Die Rekordimmobilienpreise schlugen sich in einem höheren Vermögen für Haushalte mit Eigentum am Hauptwohnsitz nieder, sowohl gemessen am Durchschnitt (+27.400 Euro) als auch am Mittelwert (Median, +37.200 Euro) nieder. „In der Mitte und im unteren Bereich der Verteilung findet man kaum Haushalte mit Immobilieneigentum und Aktienbesitz“, so die Bundesbank.

Betrachtet man hingegen die aktuelle regionale Einkommensverteilung in den 401 deutschen Landkreisen und kreisfreien Städten, so sind die Unterschiede zwischen Arm und Reich weit weniger dramatisch. Das zeigt eine Studie des Wirtschafts- und Sozialwissenschaftlichen Instituts der gewerkschaftsnahen Hans-Böckler-Stiftung (WSI). „Einheitliche oder gleichwertige Lebensverhältnisse in der gesamten Bundesrepublik zu erreichen – diesen Auftrag stellt das Grundgesetz der Politik seit fast 70 Jahren“, schreibt das WSI – und im Vergleich zu Italien oder den USA, wo die Unterschiede teilweise dramatisch sind, ist die Einkommenskluft in Deutschland erträglich: Im wohlhabendsten Landkreis Starnberg bei München ist das Einkommen mit 34.987 Euro pro Person und Jahr kaum mehr als doppelt so hoch wie in der Stadt Gelsenkirchen, die mit 16.203 Euro Pro-Kopf-Einkommen das Schlußlicht bildet. Bei seiner Auswertung stützte sich das WSI auf die Daten der Statistischen Landesämter und des Bundes. Sie betreffen das Jahr 2016.

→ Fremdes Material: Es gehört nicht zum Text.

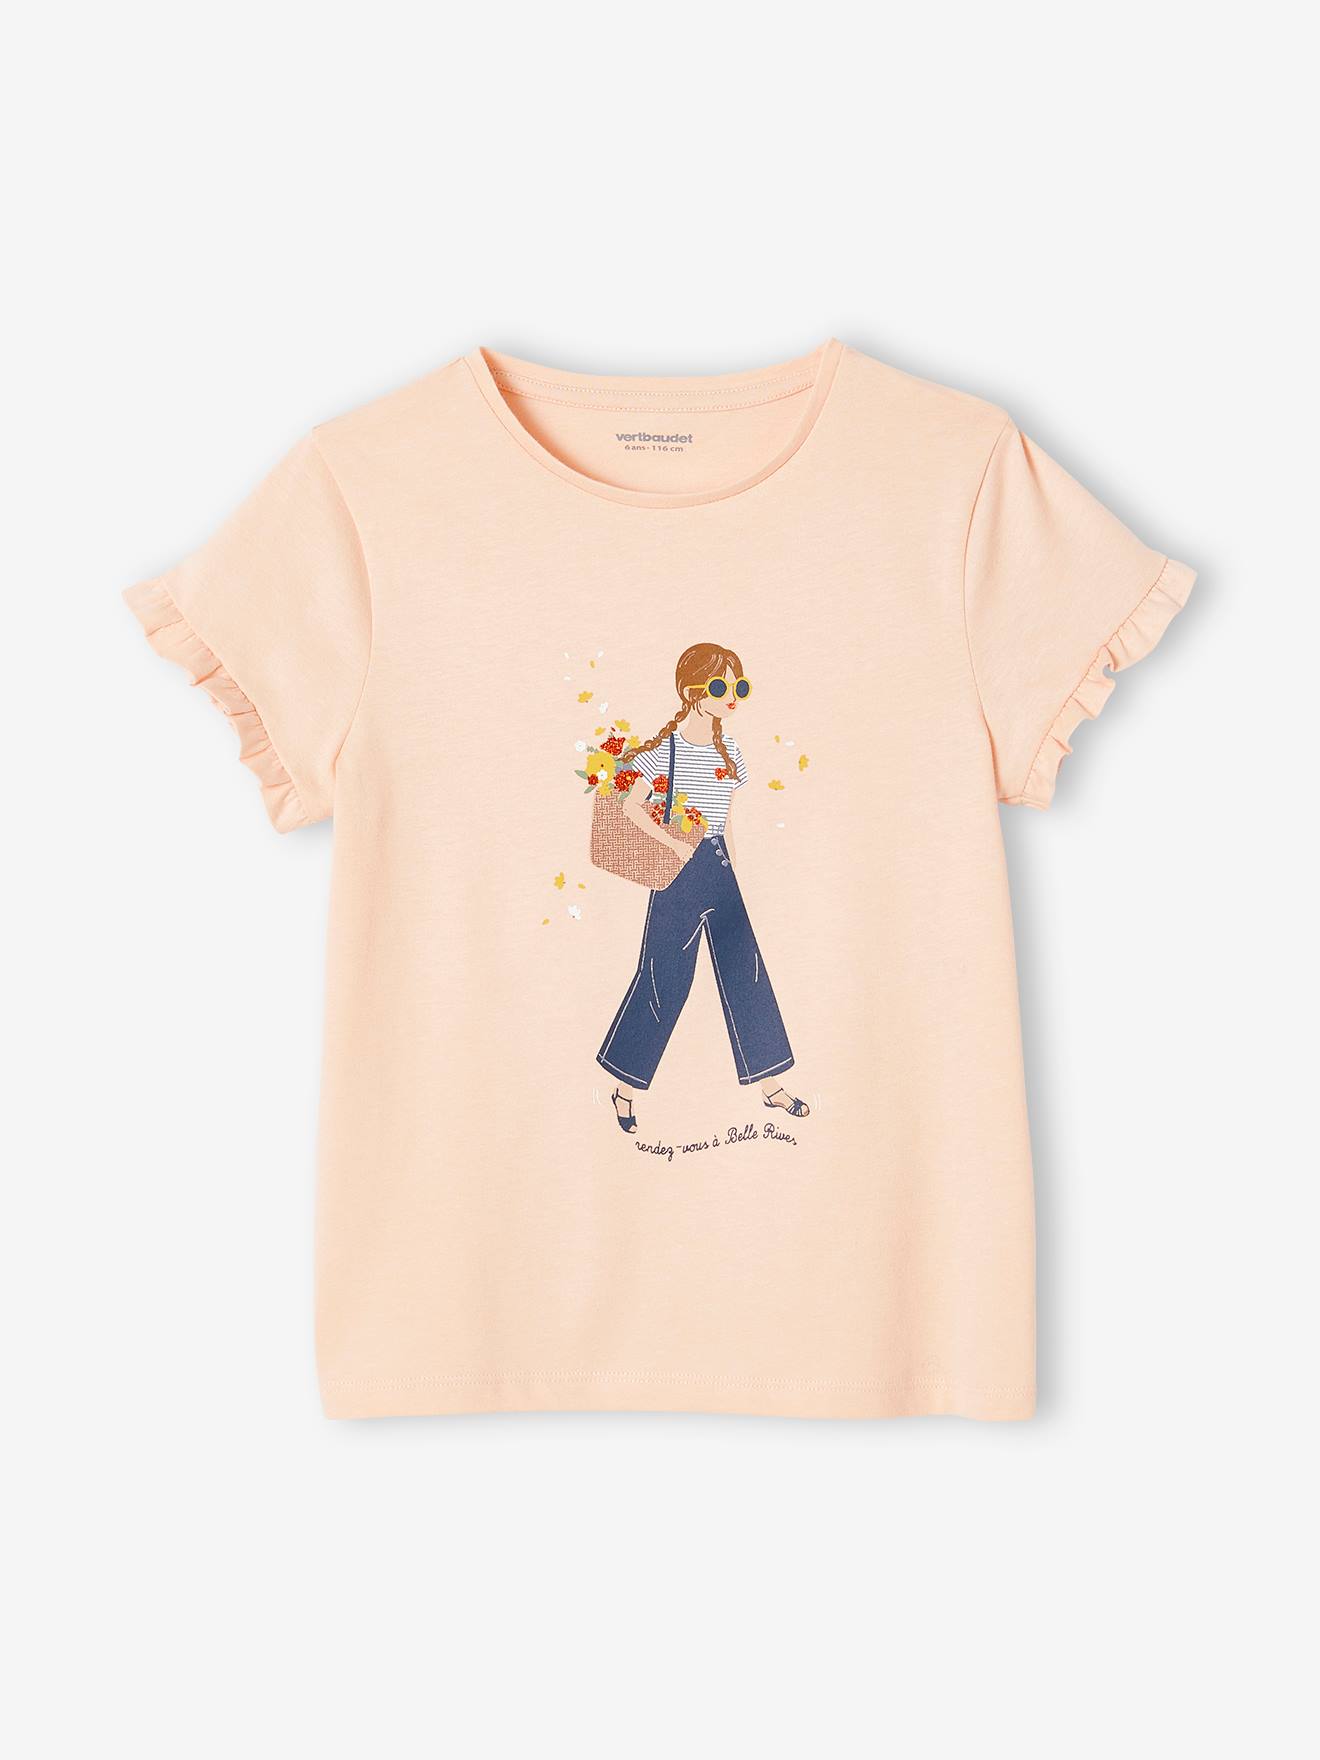 VERTBAUDET Camiseta con motivo "à bicyclette" para niña rosa rosa pálido

Die reichste Großstadt ist München mit einem Pro-Kopf-Einkommen von 29.685 Euro. Mit großem Abstand folgen Stuttgart (25.012 Euro), Düsseldorf (24.882 Euro) und Hamburg (24.421 Euro). Schlechter schneiden Duisburg (16.881 Euro), Leipzig (17.770 Euro) oder Berlin (19.719 Euro) ab. Neben Teilen des Ruhrgebiets, des Saarlands und von Niedersachsen liegt vor allem Mitteldeutschland weiterhin deutlich zurück: „In nur sechs von 77 Ost-Kreisen und kreisfreien Städten überschreitet das Einkommen pro Kopf die Marke von 20.000 Euro, während im Westen 284 von 324 Kreisen und Städten darüber liegen.“ Das verfügbare Einkommen eines privaten Haushaltes ist laut WSI das Einkommen nach Steuern, Sozialabgaben und Sozialtransfers, das für den Konsum verwendet oder gespart werden kann. Nach Abzug der Preissteigerung sind die verfügbaren Einkommen zwischen 2000 und 2018 durchschnittlich um immerhin 12,3 Prozent gewachsen.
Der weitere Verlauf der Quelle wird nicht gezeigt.